Problem statement:
The answer must restate the listing word for word, without its images.

Stored data:

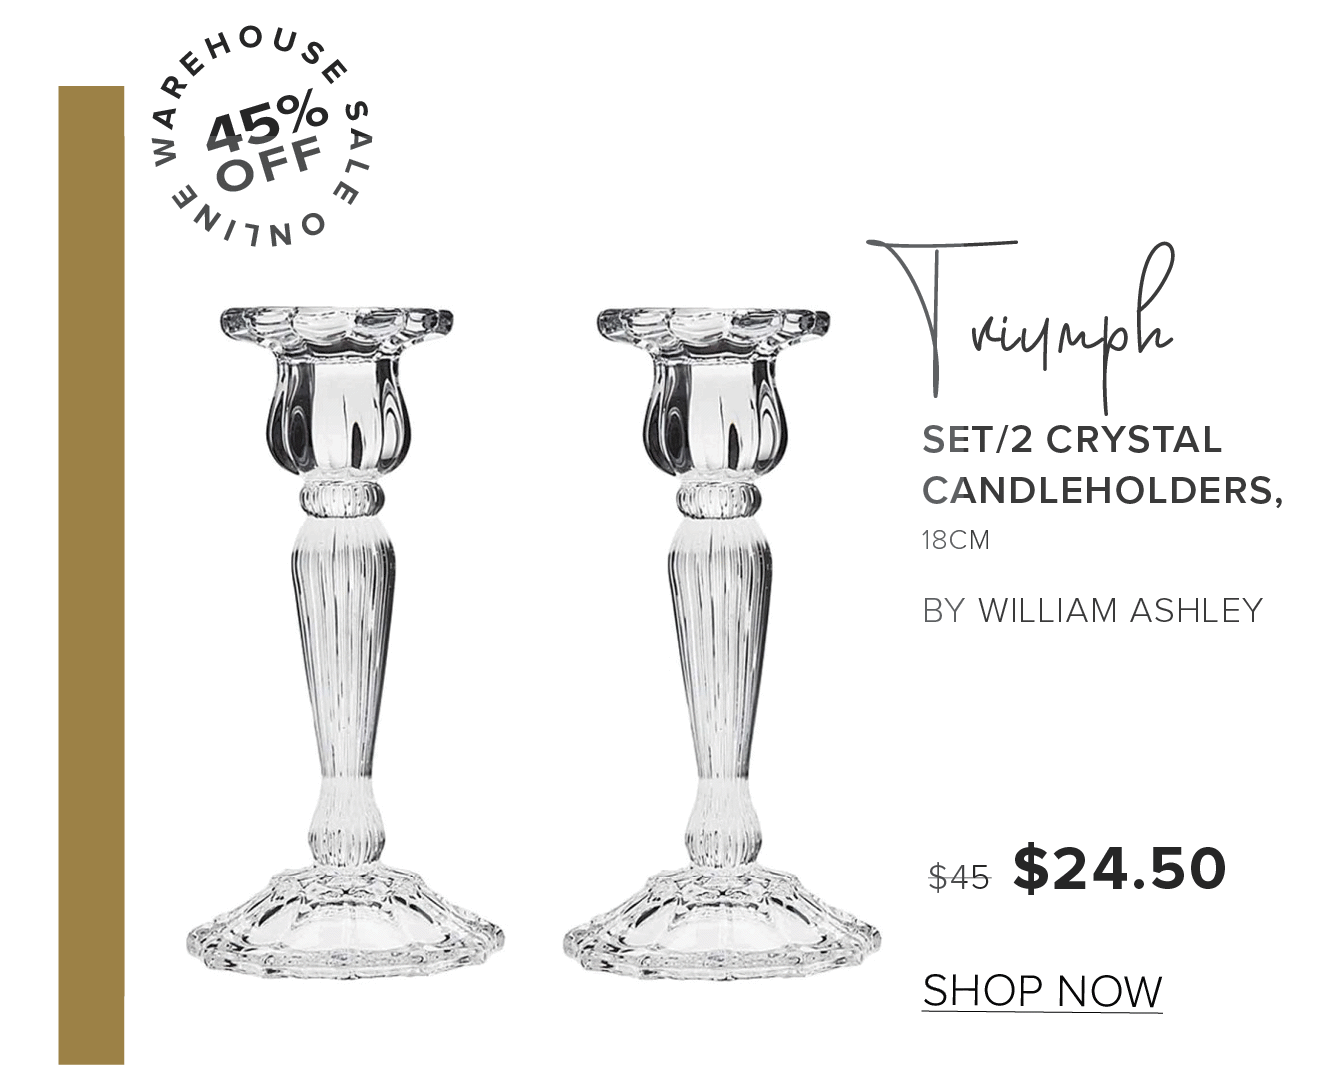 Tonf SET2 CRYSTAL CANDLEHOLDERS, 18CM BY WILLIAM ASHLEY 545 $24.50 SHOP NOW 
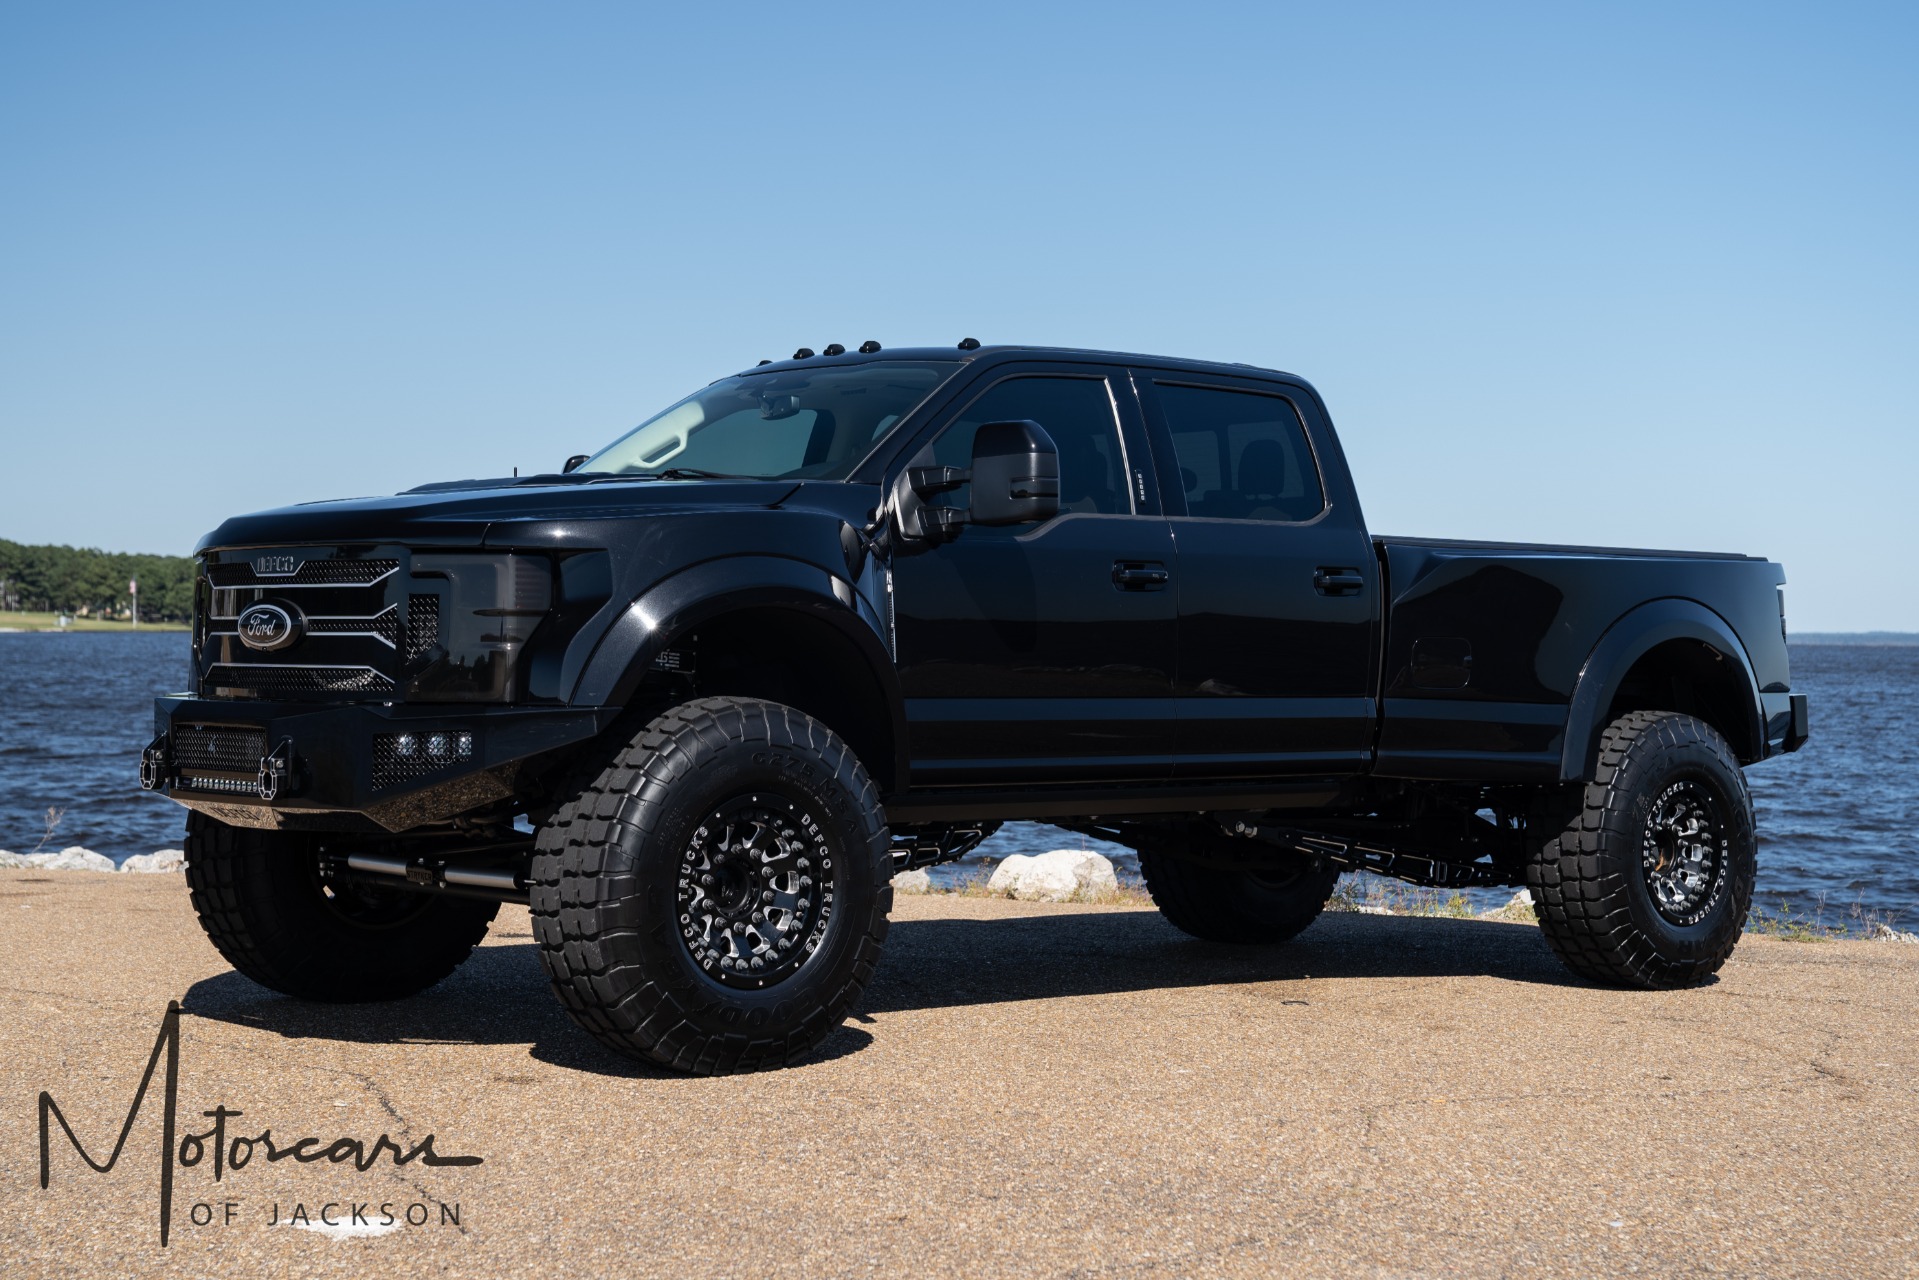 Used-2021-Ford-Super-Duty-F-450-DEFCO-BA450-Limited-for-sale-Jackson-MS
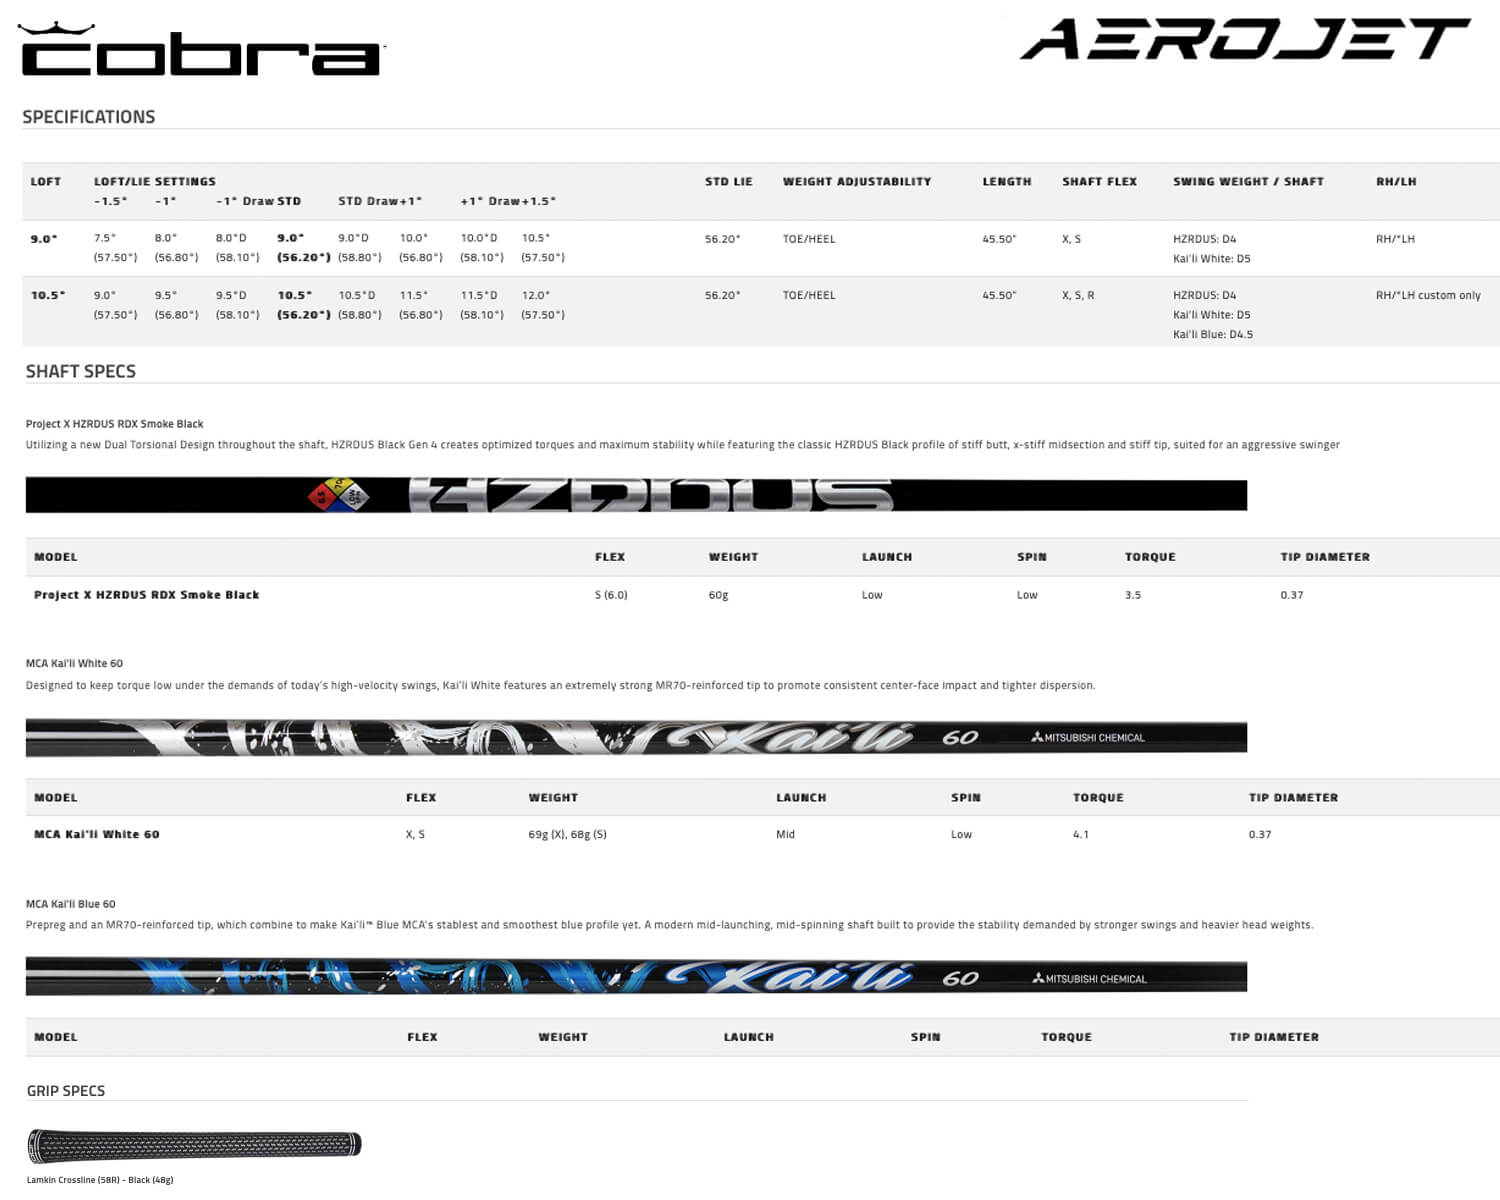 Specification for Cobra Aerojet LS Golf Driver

Answer:
 Tonf SET2 CRYSTAL CANDLEHOLDERS, 18CM BY WILLIAM ASHLEY 545 $24.50 SHOP NOW 
 Used-2021-Ford-Super-Duty-F-450-DEFCO-BA450-Limited-for-sale-Jackson-MS
 Specification for Cobra Aerojet LS Golf Driver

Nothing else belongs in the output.